What the Tunnel Networks Appear Designed to Do
Iran’s claimed advantage is survivability: if Israel or the United States strikes airfields and surface garrisons first, an underground force can keep missiles intact long enough to launch a counterstrike. Reporting also describes logistics features like internal roadways or rail movement inside tunnels, plus hardened portals and distributed sites across multiple areas. Tehran’s messaging suggests the facilities exist in many provinces, aiming to complicate targeting and increase the number of aimpoints an attacker must service.
Recent coverage frames these “missile cities” as one reason Iran believes it can absorb initial blows and still respond militarily. In that sense, the infrastructure functions like an insurance policy for a regime that assumes it could rapidly lose freedom of maneuver in the air. At the same time, depth claims vary widely in public accounts, and outside observers cannot consistently verify which complexes are active, what is stored where, or how quickly missiles could be readied under real combat conditions.

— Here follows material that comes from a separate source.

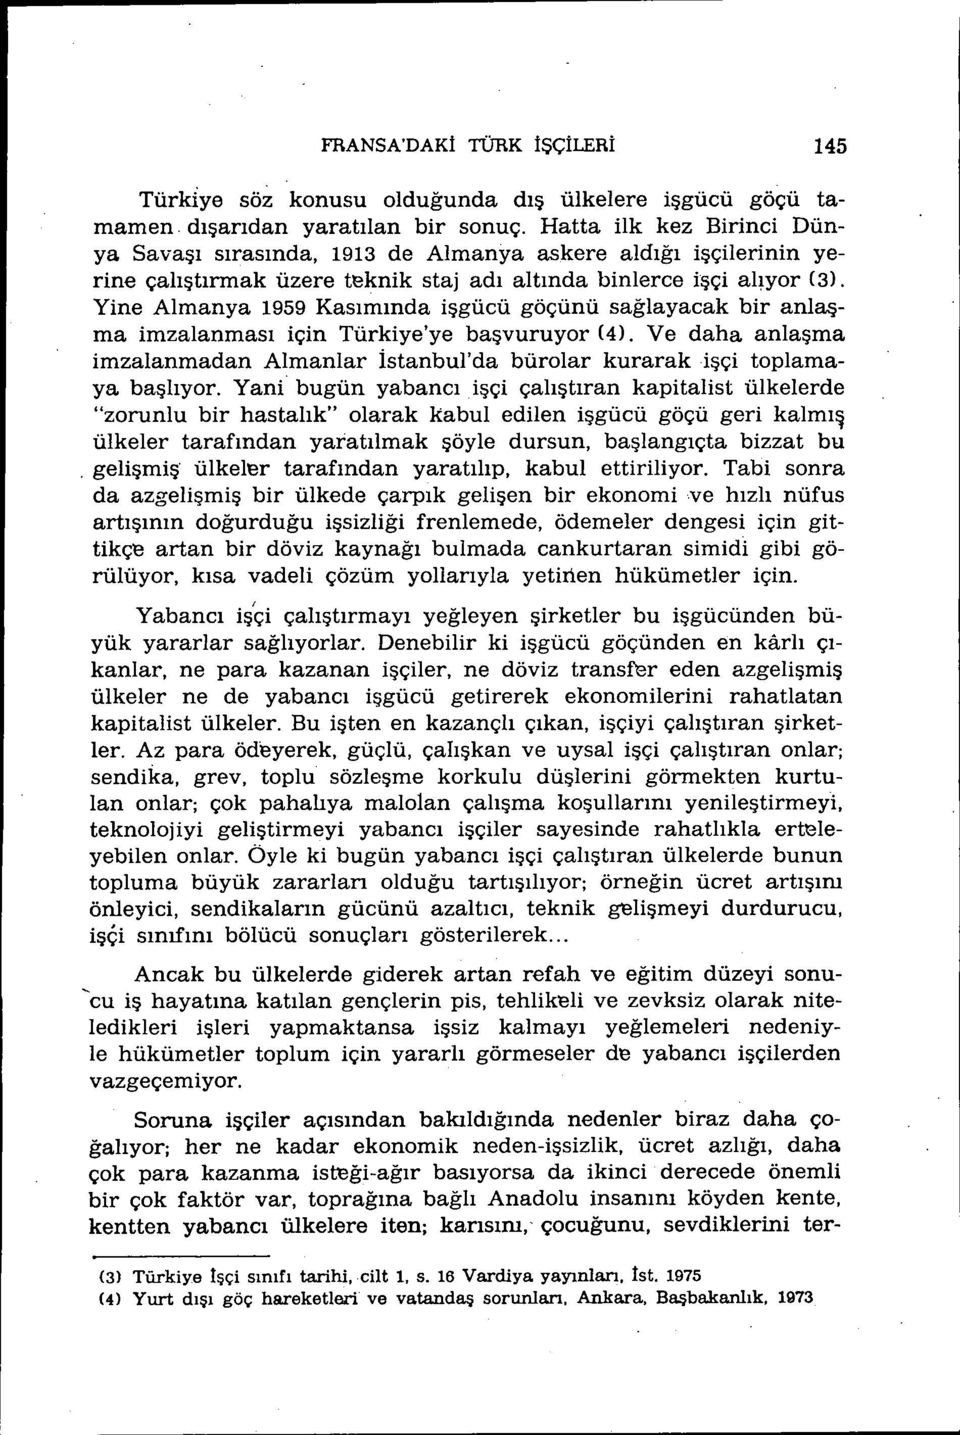 Yine Almanya 1959 Kasımında işgücü göçünü sağlayacak bir anlaşma imzalanması için Türkiye'ye başvuruyor (4)' Ve daha anlaşma imzalanmadan Almanlar İstanbul'da bürolar kurarak işçi toplamaya başlıyor.

The Vulnerability Critics Keep Pointing To
The strongest criticism in open-source analysis is not that tunnels exist, but that some showcased layouts appear to concentrate missiles and munitions in long, connected spaces. Analysts have argued that if blast doors, compartmentalization, and separation distances are inadequate, a successful penetration could trigger a chain reaction—turning protective underground geography into a deadly amplifier. In other words, the very “mass storage” imagery meant to scare adversaries can also advertise a potential catastrophic failure mode.
How 2025–2026 Strikes Fit Into the Picture
Reporting tied to strikes in 2025 and 2026 describes attacks on or near missile-related sites and highlights the strategic logic of keeping retaliatory forces under rock. One account cites an analyst view that extreme depth could complicate even heavy bunker-busting efforts, while Iran’s official narrative emphasizes readiness and continuity. Still, independent confirmation of actual damage and operational impact is limited, and public claims from Tehran should be treated as messaging unless corroborated by third-party evidence.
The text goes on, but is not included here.